The Bible portrays morality in black and white, but our culture sees morality in shades of gray.
Take sex, for example. In the Bible, sex outside of marriage is immoral (Hebrews 13.4). But in our culture, it is routine, even among Christians. We know what the Bible teaches, but we prefer to ignore its teaching and/or generate rationalizations for our disobedience. (Someone has said that to rationalize means to offer “rational lies.” How true!)
Or take anger. Jesus clearly teaches that anger is a form of murder deserving judgment and that it should be replaced by reconciliation (Matthew 5.21–26). But how many of us offer rationalizations for our anger, insults, and mean-spirited actions? Too many, I fear.
Or finally, take alcohol. Paul writes: “do not get drunk with wine” (Ephesians 5.18). And yet, how many of us turn to drink at the end of a long, hard day at the office? (Or to drugs, legal or illegal, or to some other substance or activity?) We offer reasons: “I need to steady my nerves,” “I need to forget my troubles,” “I need a little pick-me-up.” But those reasons quickly become rationalizations for excess and addiction.

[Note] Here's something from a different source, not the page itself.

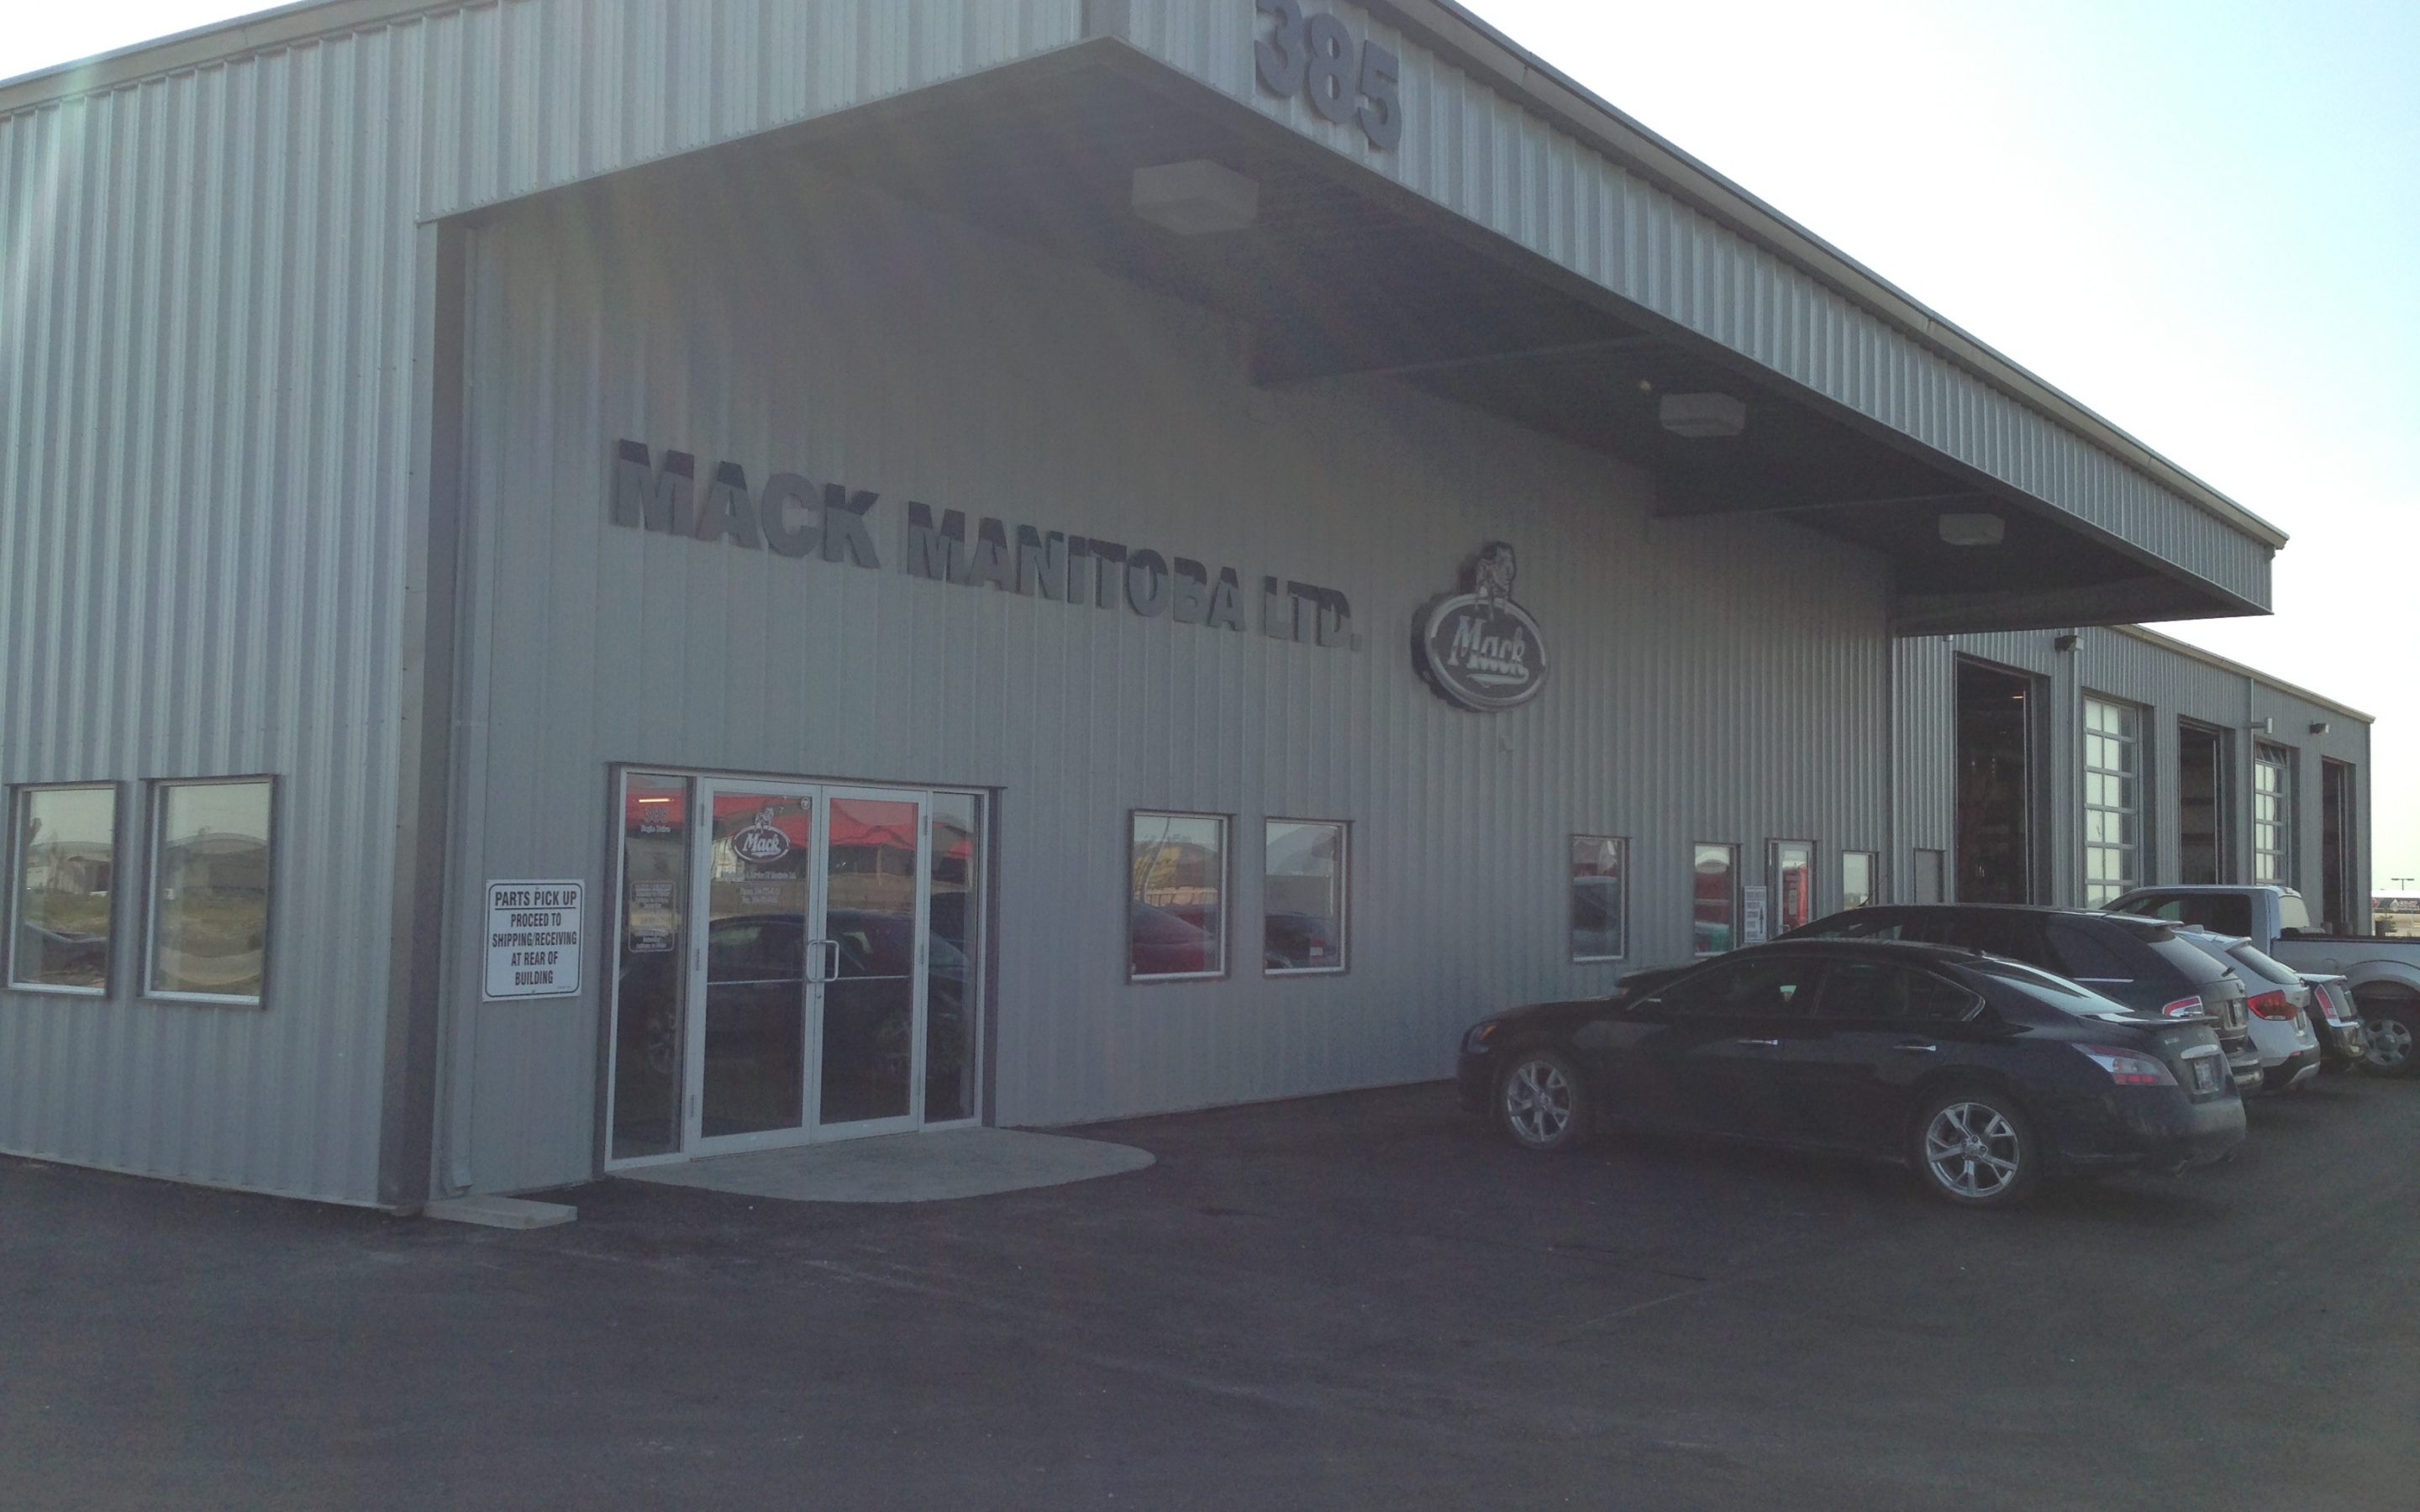 Mack Sales & Service New Dealership - Ernst Hansch Construction Ltd.

We human beings are excuse-making factories, you see. Rational lies pour out of our brains like water rushing through a broken levee. To plug the hole, we need to constantly remind ourselves of the Bible’s simple (though never simplistic) moral teaching. Consider Ephesians 5.15–21:
“Look carefully then how you walk, not as unwise but as wise, making the best use of the time, because the days are evil. Therefore do not be foolish, but understand what the will of the Lord is. And do not get drunk with wine, for that is debauchery, but be filled with the Spirit, addressing one another in psalms and hymns and spiritual songs, singing and making melody to the Lord with all your heart, giving thanks always and for everything to God the Father in the name of our Lord Jesus Christ, submitting to one another out of reverence for Christ.”
Paul teaches us three things in this passage:
- The Christian life requires a choice between black and white. Notice the polarity in his words. He starkly contrasts being “wise” and “unwise” (or “foolish”). He offers a clear alternative between being “drunk with wine” or “filled with the Spirit.”
- The Christian life replaces bad with good. Following Christ entails being against certain actions, behaviors, and forms of speech. But Christians are also in favor of other actions, behaviors, and forms of speech. It is not enough to stand against sin, in other words. We must walk in Christ’s stead.
- The Christian life results in positive regard for God and others. What does it mean to be “filled with the Spirit”? Paul answers with four verbs: addressing, singing, giving thanks, and submitting. Through our words, attitudes, and actions, we are supposed to love God wholeheartedly and our neighbors as ourselves (Matthew 22.37–40).
How much better would our lives be if we lived according to these simple principles?